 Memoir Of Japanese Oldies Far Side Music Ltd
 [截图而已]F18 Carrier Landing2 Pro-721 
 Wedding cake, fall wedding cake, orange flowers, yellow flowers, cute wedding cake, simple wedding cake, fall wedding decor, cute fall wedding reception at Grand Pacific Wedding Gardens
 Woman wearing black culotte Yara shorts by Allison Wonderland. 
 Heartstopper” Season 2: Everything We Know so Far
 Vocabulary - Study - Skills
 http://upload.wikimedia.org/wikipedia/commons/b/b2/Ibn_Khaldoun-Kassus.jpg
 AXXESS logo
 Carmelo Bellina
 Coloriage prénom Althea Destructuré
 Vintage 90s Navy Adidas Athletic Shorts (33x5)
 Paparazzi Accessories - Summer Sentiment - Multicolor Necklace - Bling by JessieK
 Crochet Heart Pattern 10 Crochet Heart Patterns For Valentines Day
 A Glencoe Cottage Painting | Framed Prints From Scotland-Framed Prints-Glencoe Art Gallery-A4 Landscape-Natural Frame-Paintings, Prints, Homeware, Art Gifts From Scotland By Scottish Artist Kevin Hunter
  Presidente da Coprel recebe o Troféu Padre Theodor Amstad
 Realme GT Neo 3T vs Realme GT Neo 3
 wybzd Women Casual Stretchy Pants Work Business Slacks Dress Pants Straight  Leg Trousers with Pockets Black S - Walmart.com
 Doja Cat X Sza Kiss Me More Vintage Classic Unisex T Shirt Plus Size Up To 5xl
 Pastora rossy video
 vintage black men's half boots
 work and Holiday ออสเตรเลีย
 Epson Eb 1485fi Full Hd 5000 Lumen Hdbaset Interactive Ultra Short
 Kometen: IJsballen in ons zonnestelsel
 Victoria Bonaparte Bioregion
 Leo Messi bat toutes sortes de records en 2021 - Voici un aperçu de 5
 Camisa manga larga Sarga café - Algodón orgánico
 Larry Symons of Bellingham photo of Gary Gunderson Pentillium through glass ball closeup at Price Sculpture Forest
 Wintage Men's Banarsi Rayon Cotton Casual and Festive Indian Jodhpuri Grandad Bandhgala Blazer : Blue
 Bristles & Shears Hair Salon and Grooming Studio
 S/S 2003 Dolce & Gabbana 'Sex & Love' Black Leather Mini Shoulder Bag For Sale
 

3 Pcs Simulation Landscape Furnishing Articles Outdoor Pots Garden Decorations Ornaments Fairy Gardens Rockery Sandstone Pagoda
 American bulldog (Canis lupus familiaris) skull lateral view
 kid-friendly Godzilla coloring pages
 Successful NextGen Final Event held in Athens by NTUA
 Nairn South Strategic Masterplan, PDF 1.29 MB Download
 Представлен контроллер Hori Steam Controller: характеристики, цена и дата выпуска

#####

* _Problem to solve_
Using the data above, print exactly the lines from the line that contains "Know so Far" through the line that contains "Doja Cat X Sza", with both included.

* _Result for this exercise_
 Heartstopper” Season 2: Everything We Know so Far
 Vocabulary - Study - Skills
 http://upload.wikimedia.org/wikipedia/commons/b/b2/Ibn_Khaldoun-Kassus.jpg
 AXXESS logo
 Carmelo Bellina
 Coloriage prénom Althea Destructuré
 Vintage 90s Navy Adidas Athletic Shorts (33x5)
 Paparazzi Accessories - Summer Sentiment - Multicolor Necklace - Bling by JessieK
 Crochet Heart Pattern 10 Crochet Heart Patterns For Valentines Day
 A Glencoe Cottage Painting | Framed Prints From Scotland-Framed Prints-Glencoe Art Gallery-A4 Landscape-Natural Frame-Paintings, Prints, Homeware, Art Gifts From Scotland By Scottish Artist Kevin Hunter
  Presidente da Coprel recebe o Troféu Padre Theodor Amstad
 Realme GT Neo 3T vs Realme GT Neo 3
 wybzd Women Casual Stretchy Pants Work Business Slacks Dress Pants Straight  Leg Trousers with Pockets Black S - Walmart.com
 Doja Cat X Sza Kiss Me More Vintage Classic Unisex T Shirt Plus Size Up To 5xl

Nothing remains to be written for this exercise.